Model B: Multiple-Channel Queuing Model
Graphical Representation of Model B
The next logical step is to look at a multiple-channel queuing system, in which two or more servers or channels are available to handle arriving customers. Let us still assume that customers awaiting service form one single line and then proceed to the first available server. An example of such a multichannel, single-phase waiting line is found in many banks today. A common line is formed, and the customer at the head of the line proceeds to the first free teller. {Figure S8.3 shows a typical multichannel configurations.} The multiple-channel system presented here again assumes that arrivals follow a Poisson probability distribution and that service times are exponentially distributed. Service is first-come, first-served, and all servers are assumed to perform at the same rate. Other assumptions listed earlier for the single-channel model apply as well. The queuing equations for Model B (which also has the technical name of M/M/S) are shown in {Table S8.3}. These equations are obviously more complex than the ones used in the single-channel model; yet they are used in exactly the same fashion and provide the same type of information as the simpler model.
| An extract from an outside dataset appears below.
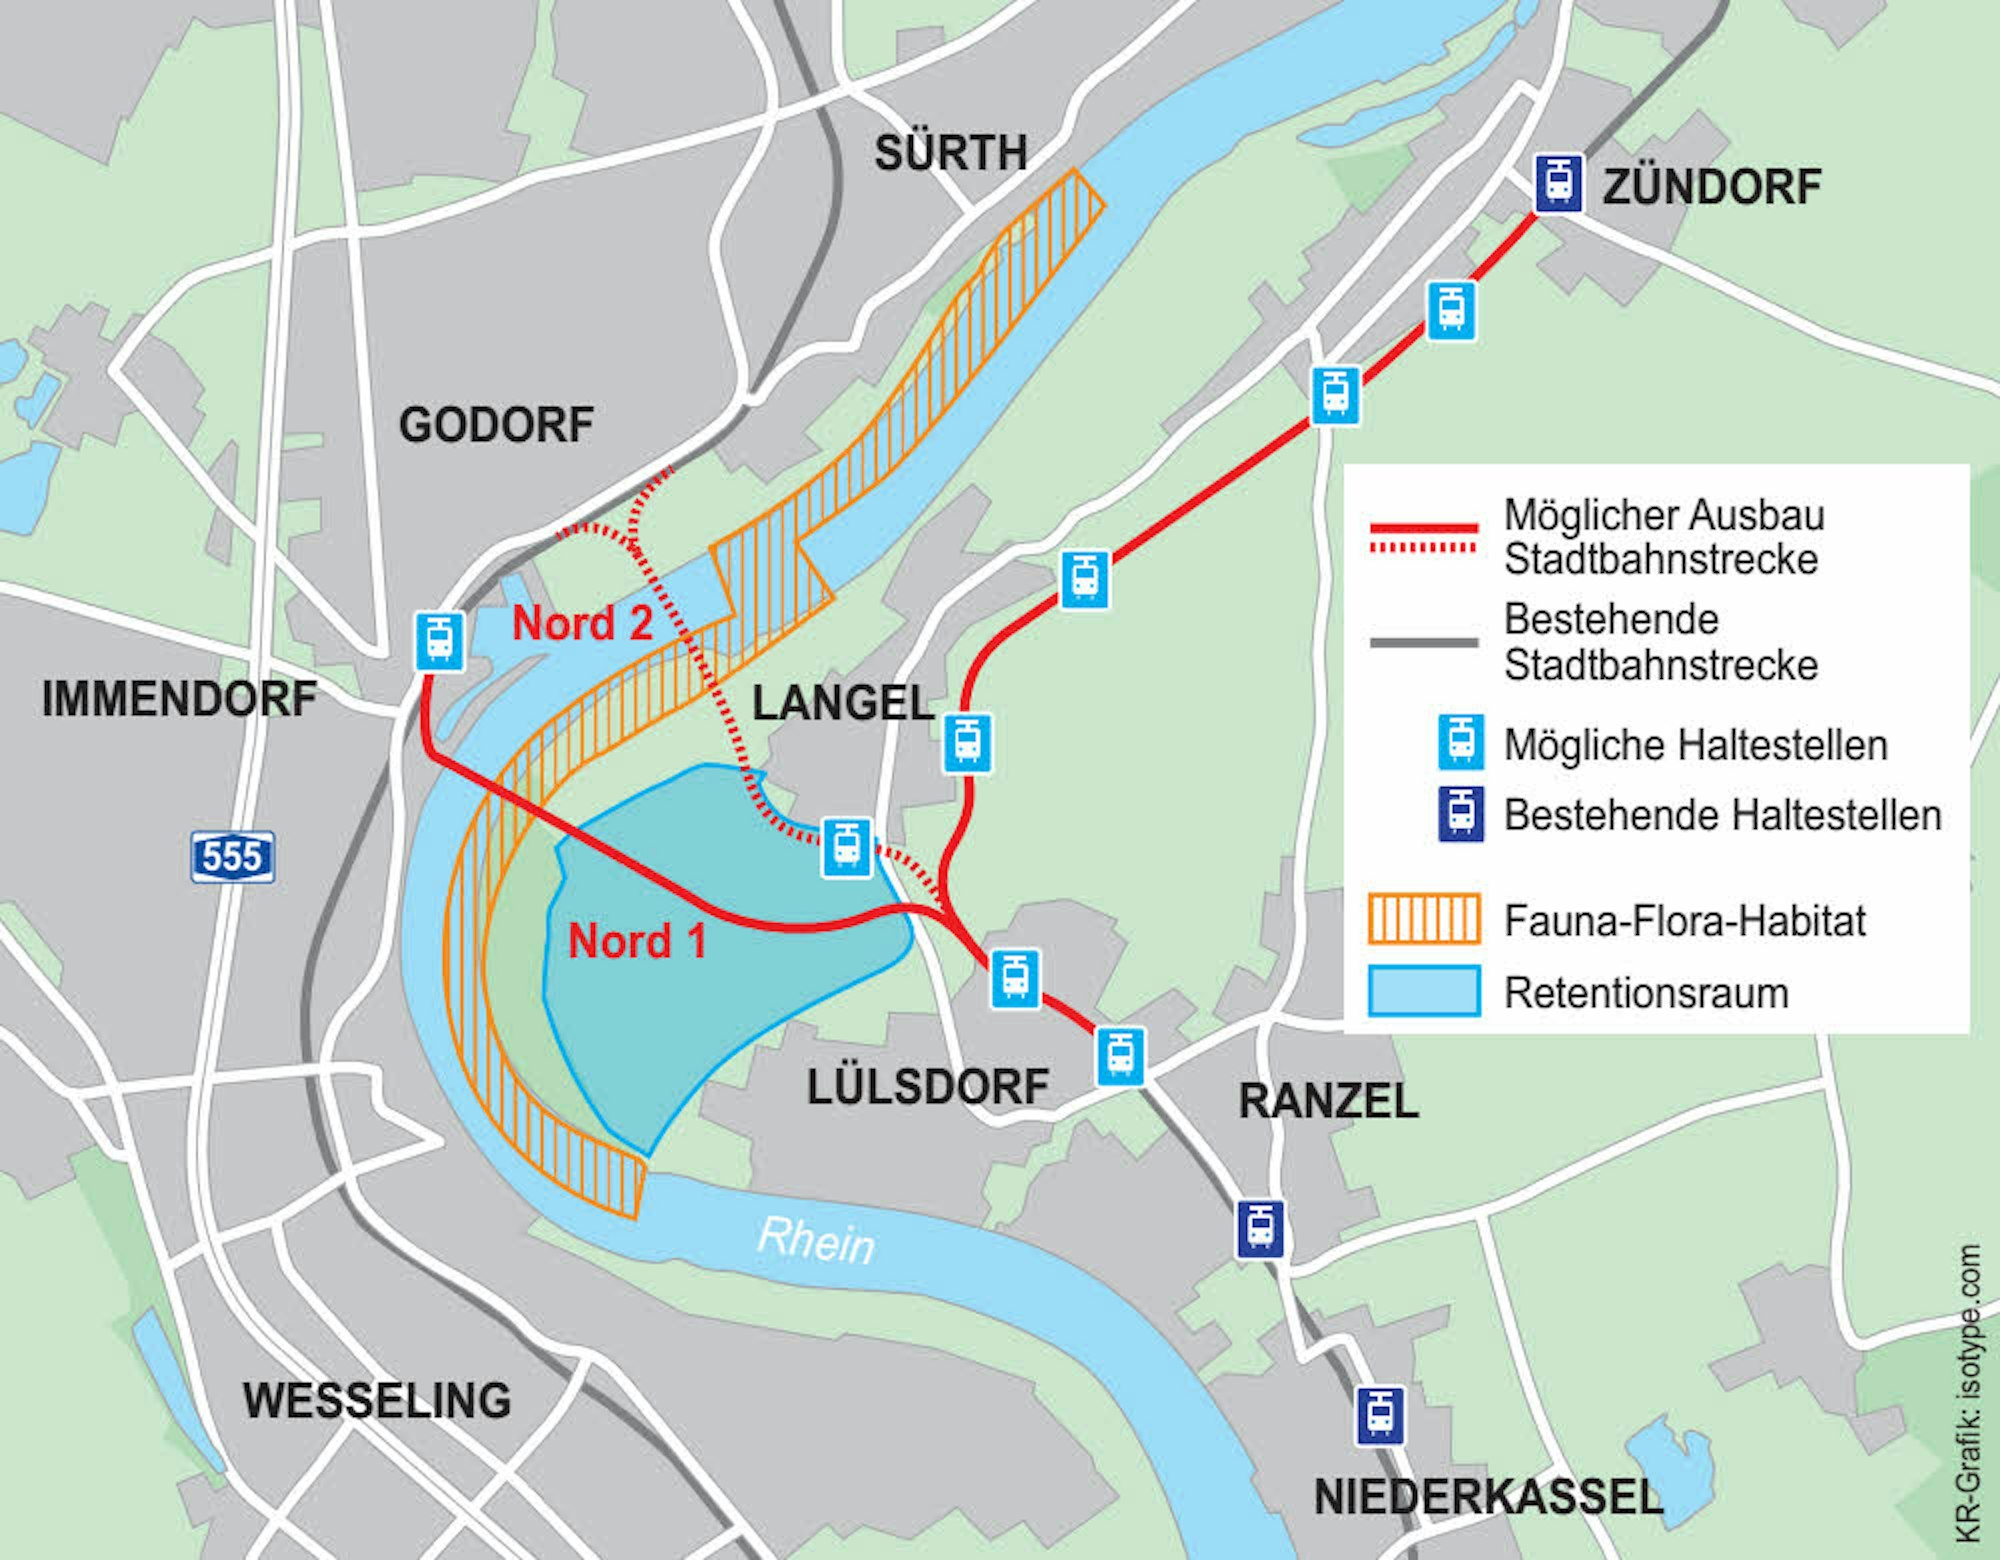 Die Verlängerung der Linie 7 steht seit Jahren in Rede. Zusätzlich beleben nun aber auch Überlegungen über eine Rheinquerung in zwei Varianten (Nord 1 und 2) die Diskussion.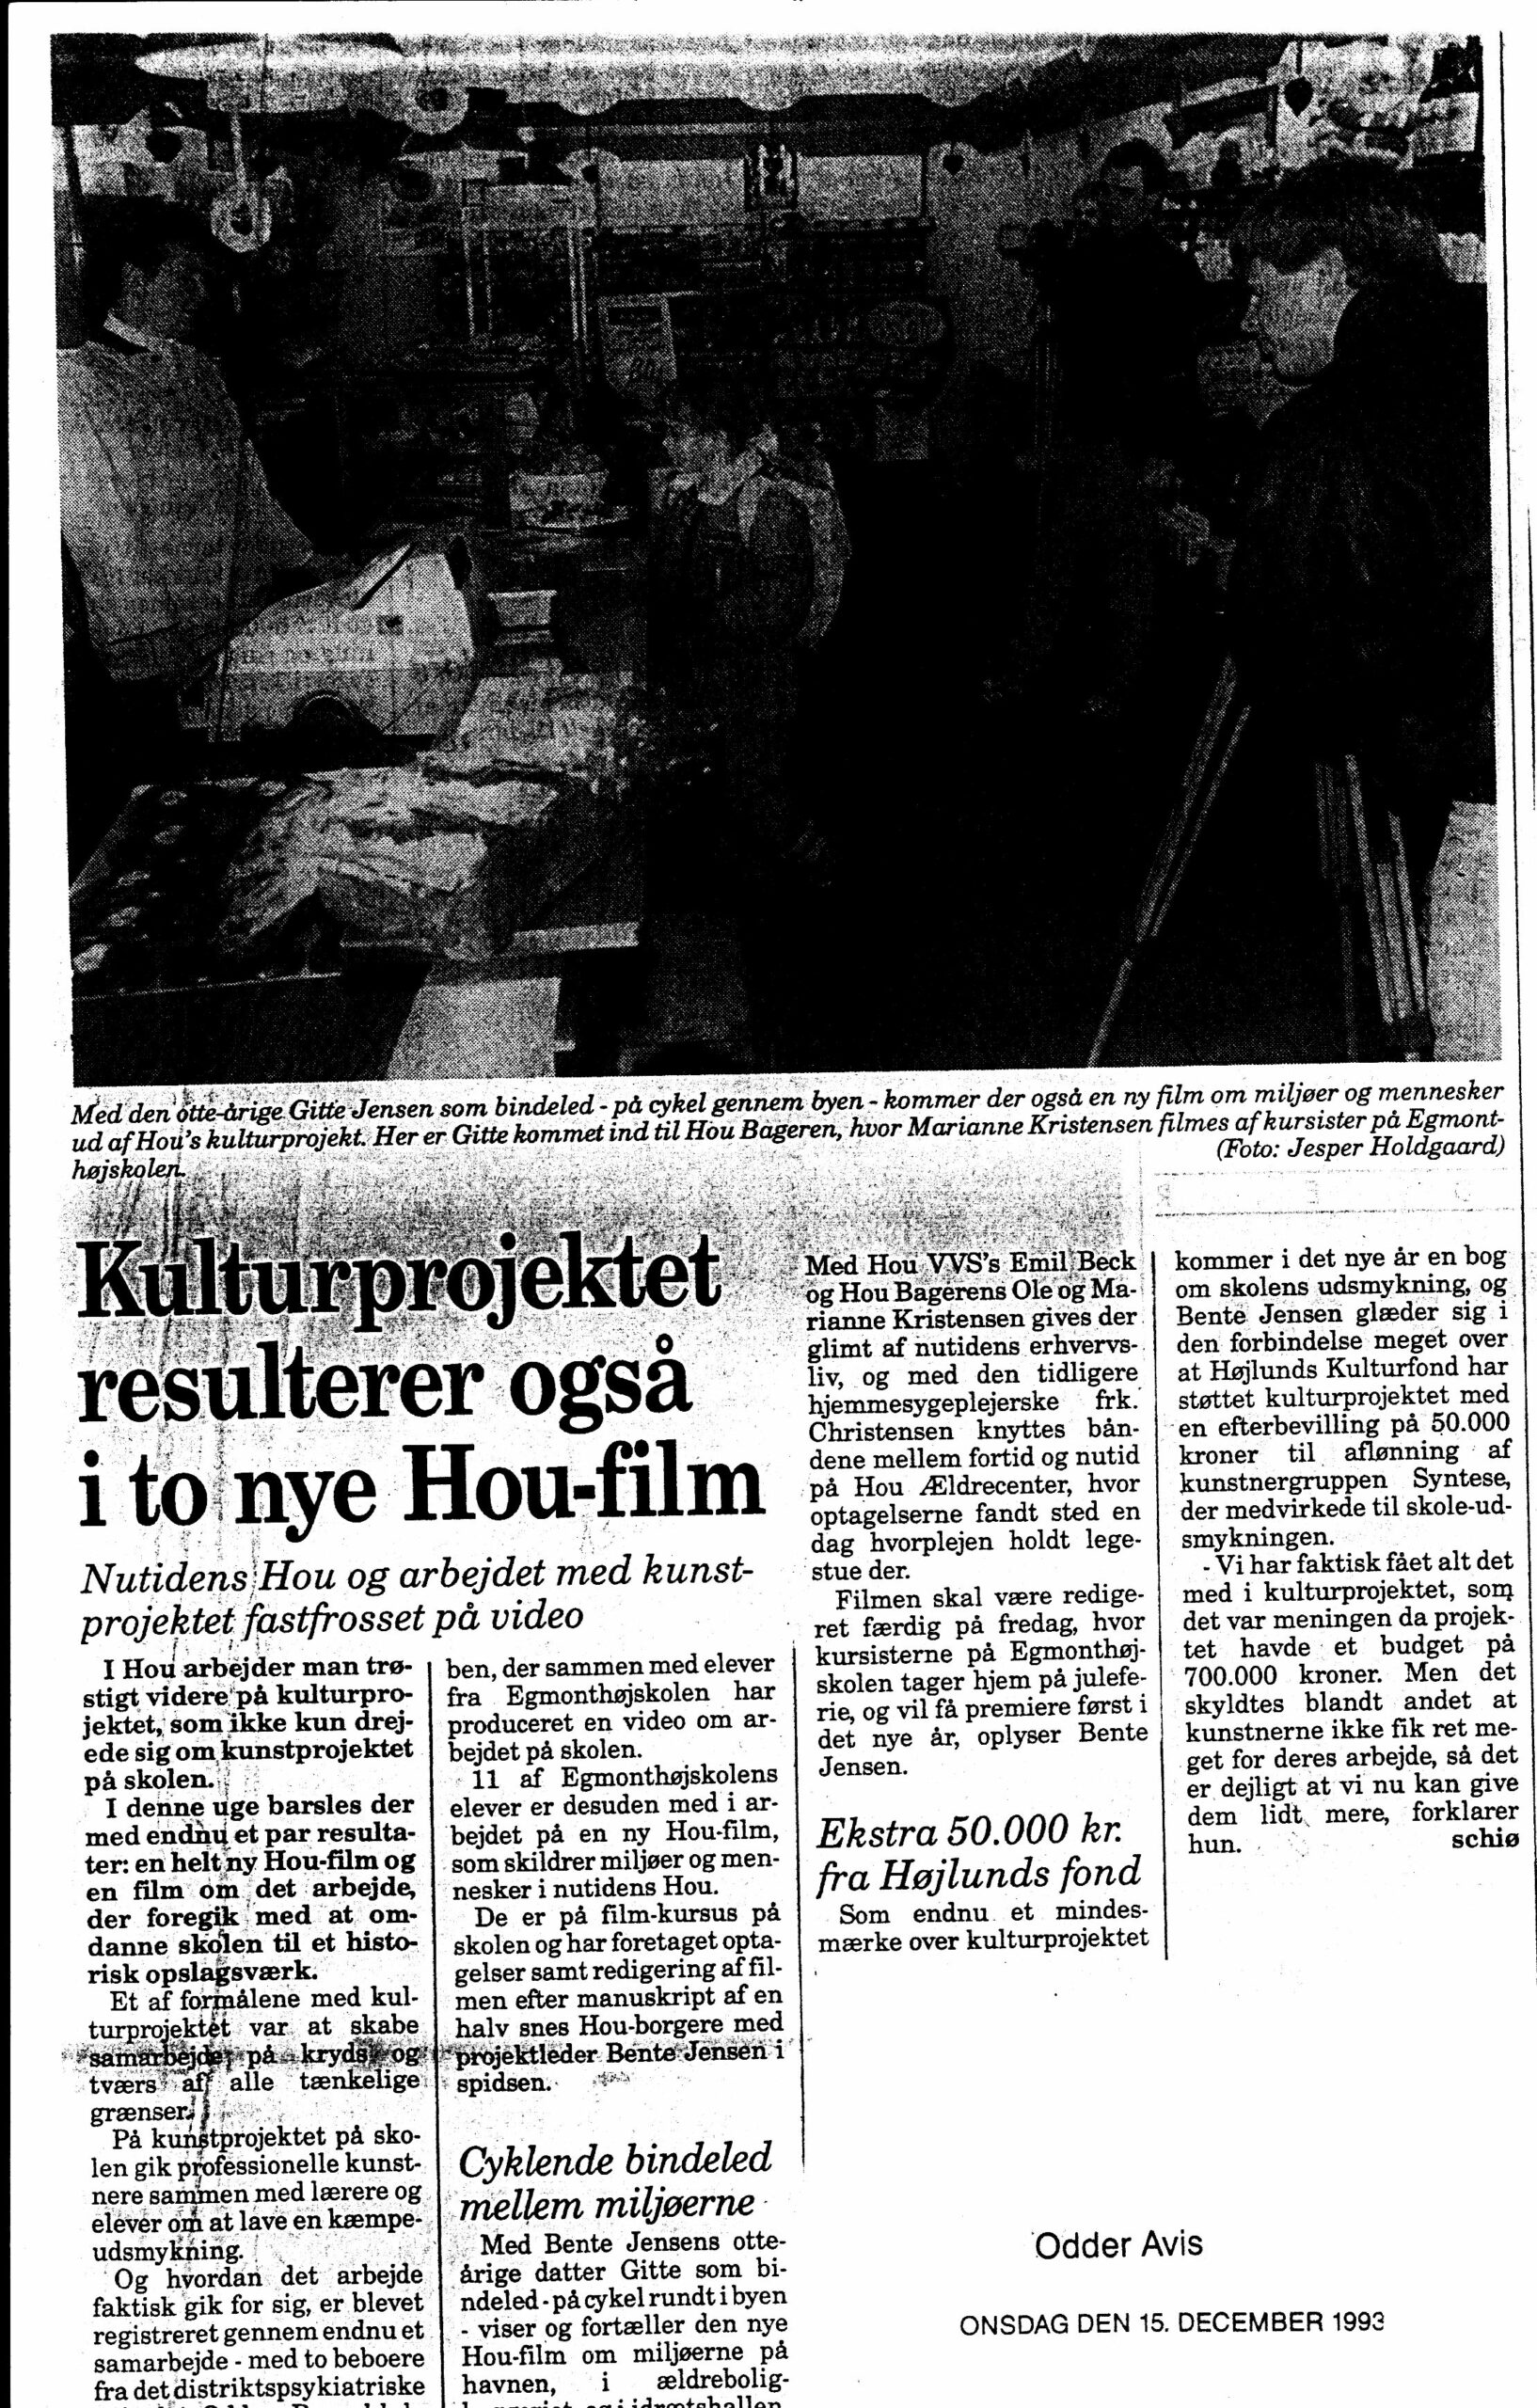 Kulturprojektet resulterer også i to nye Hou-film. Omtale (Herfra min verden går, Hou Skole). schiø. Odder Avis.

Computer software packages are most useful in solving multiple-channel, as well as other, queuing problems.
Model C: Constant Service Time Model
Graphical Representation of Model C
Some service systems have constant service times instead of exponentially distributed times. When customers or equipment are processed according to a fixed cycle, as in the case of an automatic car wash or an amusement park ride, constant service times are appropriate. Because constant rates are certain, the values for Lq, Wq, Ls, and Ws are always less than they would be in Model A, which has variable service rates. As a matter of fact, both the average queue length and the average waiting time in the queue are halved with Model C. Constant service model formulas are given in {Table S8.4}. Model C also has the technical name of M/D/1 in the literature of queuing theory.
Model D: Limited Population Model
Graphical Representation of Model D.
When there is a limited population of potential customers for a service facility, we need to consider a different queuing model.
Other Queuing Approaches Many practical waiting line problems that occur in production and operations service systems have characteristics like the four mathematical models described above. Often, however, variations of this specific case are present in an analysis. Service times in an automobile repair shop, for example, tend to follow the normal probability distribution instead of the exponential. A college registration system in which seniors have first choice of courses and hours over all other students is an example of a first-come, first-served model with a preemptive priority queue discipline. A physical examination for military recruits is an example of a multiphase system, one that differs from the single-phase models discussed in this chapter. A recruit first lines up to have blood drawn at one station, then waits to take an eye exam at the next station, talks to a psychiatrist at the third, and is examined by a doctor for medical problems at the fourth. At each phase, the recruit must enter another queue and wait his or her turn. Many models, some very complex, have been developed to deal with situations such as these.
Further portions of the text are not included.